Re: GPLv3 Position Statement

From: Andrea Arcangeli
Date: Sat Sep 30 2006 - 11:45:12 EST


On Fri, Sep 29, 2006 at 05:48:17PM +1000, tridge@xxxxxxxxx wrote:
> wishes. I'm not even 100% certain it would be legal.

How can you not be sure that it would be legal? If you didn't want to
allow forking, you shouldn't have released the code as GPL. See qmail
and pine for example of slightly different licenses in terms of forking.

The basic logic of the GPL and open source as well, is that anyone is
legally allowed to fork away your code as much as they want as long as
the result is still using the same license. Oh well, if even this
_basic_ legal point is not clear, then I'm not surprised there's lots
of confusion about the rest...

IMHO GPL is _all_ about _freedom_ of usage in any shape and form, and
most important about _sharing_ of the resulting/modified code. GPL has
_never_ been about restricting usage. Infact it apparently even allows
you to do whatever you want with it as long as you do it behind the
corporate firewall and you don't redistribute the code itself, but
only the result of the computations of the code.

If there's something to work on for GPLv3 it is _not_ about
restricting usage. It's about forcing _more_ sharing even behind the
corporate firewall! In the ideal world that should be the only
priority in FSF minds and I think they're still in time to change
their focus on what really matters.

My ideal GPLv3 would be that if you modify a GPLv3 project and you
have a _third_party_ using in any way (think a web application running
behind the corporate firewall), you would be required to release your
GPLv3 source code to the third party that is using the GPLv3 code on
your servers, even if you never redistributed the code itself (nor in
source nor in binary form). Now I clearly don't know for sure if this
is enforceable, but I think this is the only point where the GPLv2
could be improved.

Nothing would change if the user of the code isn't a third party, so
for example you can still pick your preferred webmail for your
intranet, improve it, and release nothing back as long as it's never
used by third parties living outside the corporate firewall. But if
you start shipping the service to third parties as a webapplication
through the internet, my ideal GPLv3 would give the third parties the
right to see the modifications you did.

Creating a GPLv3 that restricts usage is not going to work. They think
the worst usage possible is DRM, I disagree, the DRM certainly
wouldn't be at the top of my priority of the worst possible usage of
my GPL code. Restricting usage is something where there cannot be a
real agreement on what should be forbidden, and as such it should be
avoided. If RMS has to choose which usage to forbid in GPLv3 he
apparently goes after DRM which sounds fair from his point of
view. Now if a greenpeace activist would have to choose he would
probably instead go after usage inside nuclear reactors which sounds
fair enough again from his point of view. I would go after different
things that sounds fair enough to me. If we keep focusing on
"forbidding what is unethical" eventually GPLv4 will forbid making too
much money off the software too ;). This is why there should be not be
any restriction on usage at all, so everyone can agree to giveup his
small wish for the common good. And if somebody really wants to add up
any exceptional restriction on usage on top of the GPL, that should be
up to the copyright holder to decide, not a job for the GPLv3 authors.
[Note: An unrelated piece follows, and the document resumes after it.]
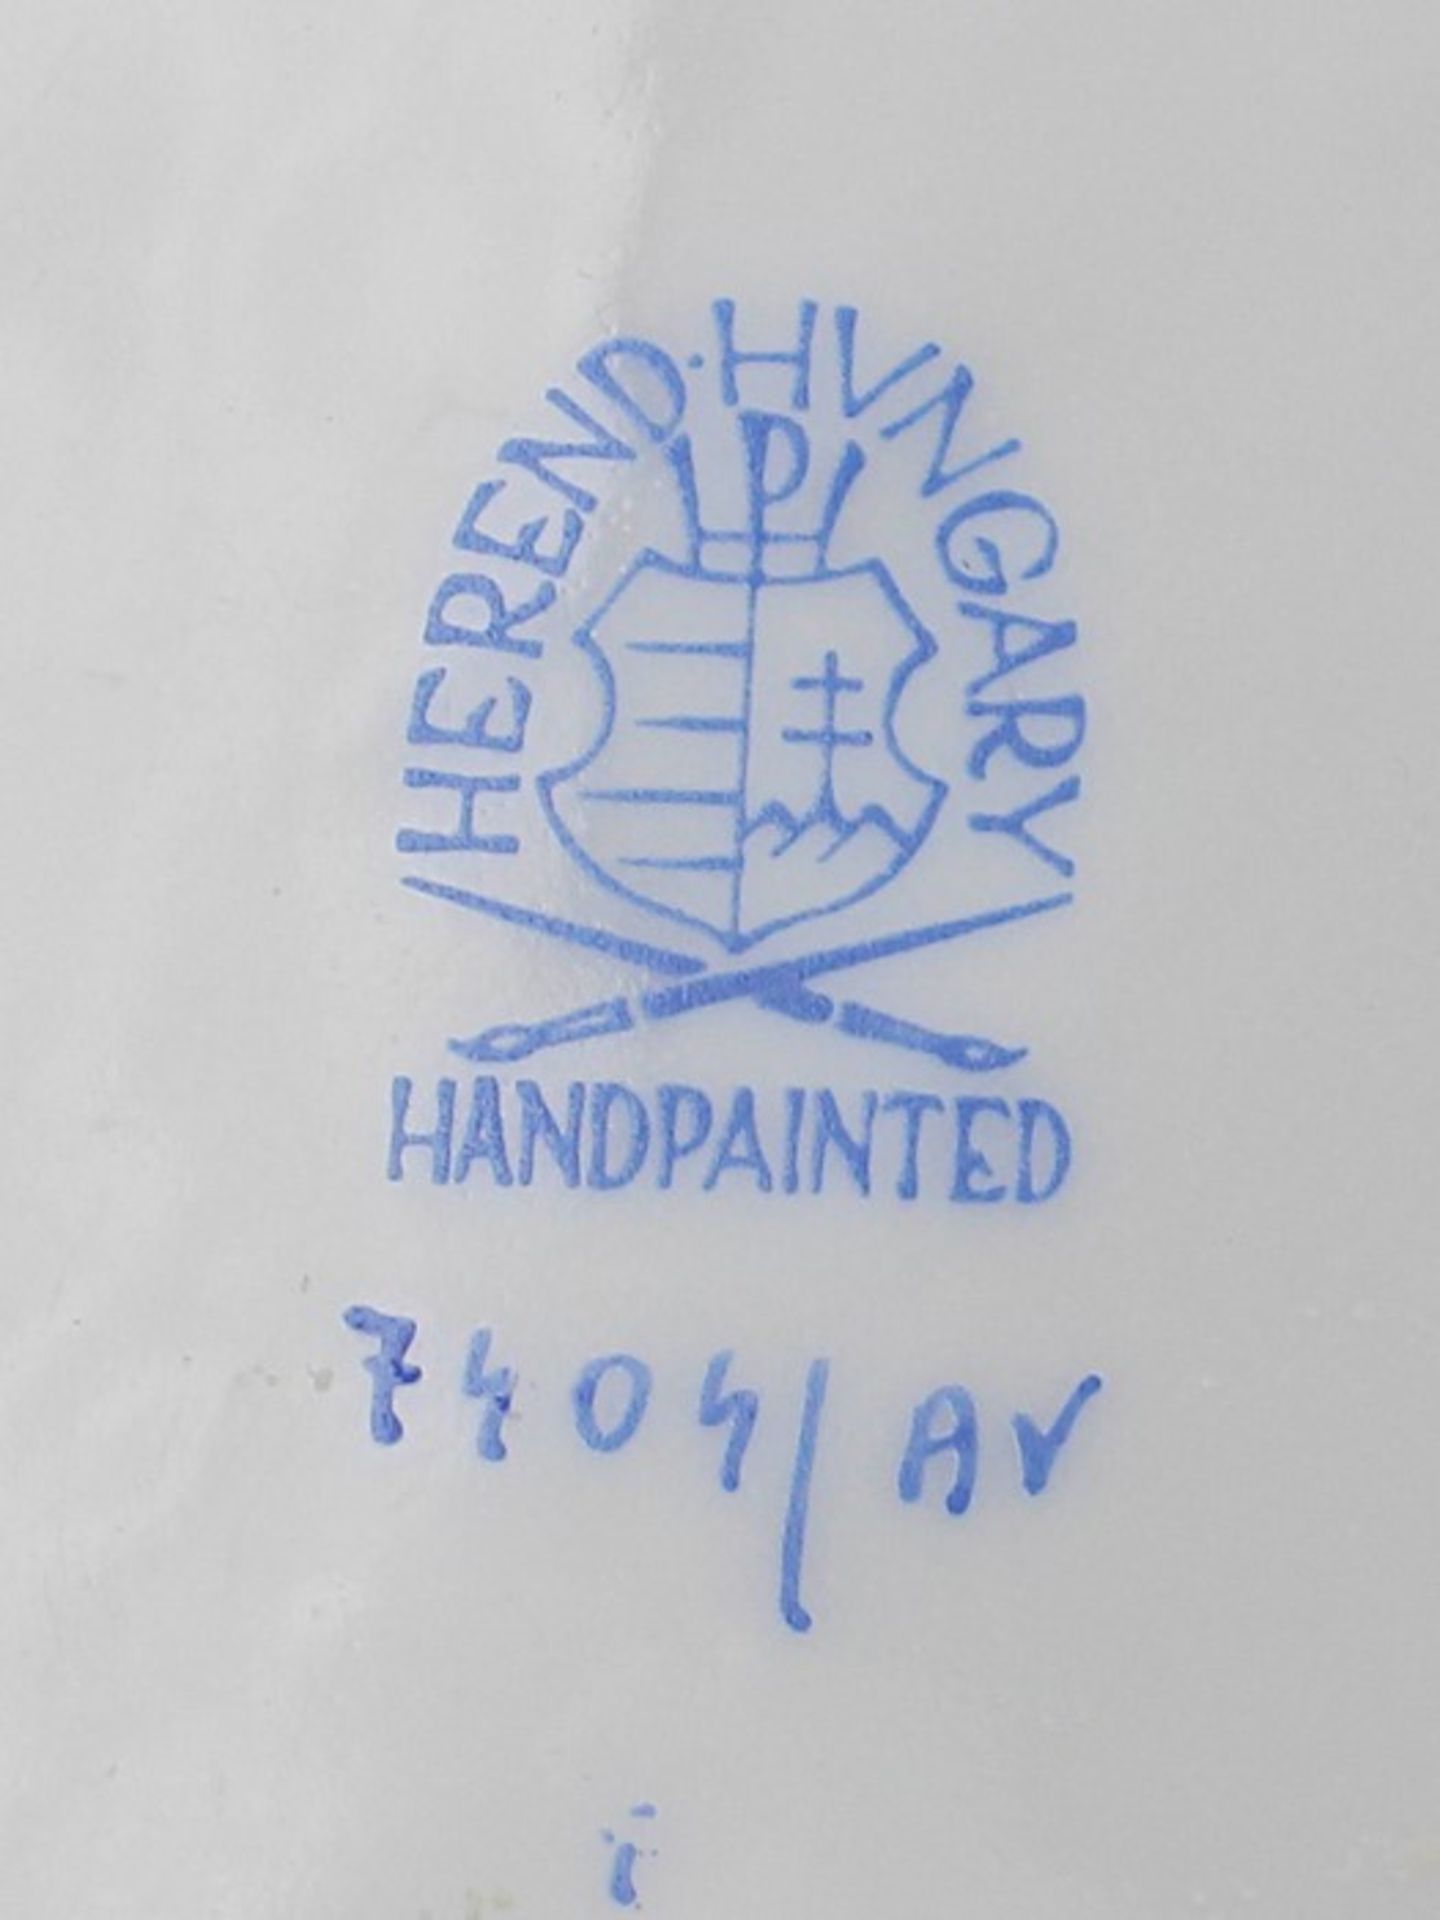 Herend - Zwei Teileblaue Stempelmarke, Dekor "Apponyi grün", runde Schale, durchbrochen gearbeiteter - Bild 4 aus 4

The worry that open source will eventually die with the advent of DRM
and trusted computing because no kernel will boot anymore, is
baseless. Who says something on those lines, probably doesn't
understand how the economy works (and most certainly they don't
understand how trusted computing works). To make an example if some
hardware vendor is not allowing to replace kernels, and I want to be
allowed to do that, I simply decided to buy my new htpc from
linuxtechtoys instead. It's truly as simple as that. And regardless,
even if they would be right about trusted computing going to kill open
source (again a baseless claim IMHO), it certainly wouldn't be the
GPLv3 DRM clause that could save us.

To make an example: I truly hope Microsoft will use trusted computing
to make the windows genuine update program totally unbreakable and to
force 100% of their users to pay. They can easily do that. There are
many more positive things around trusted computing that are never
being mentioned.

About the patent claims I also didn't see anything that would
invalidate the entire patent portfolio of any company (well, unless
the linux kernel already infringe on the whole patent portfolio of
said company, but I doubt that's what they meant ;). To me it looked
like v3 made explicit what was already implicit with v2 (i.e. when you
release patented software under GPLv2, you already implicitly allow
anybody to run your patented idea as long as the code is still under
the GPLv2). I didn't think there was any need to make it explicit, but
anyway I can't see a big difference.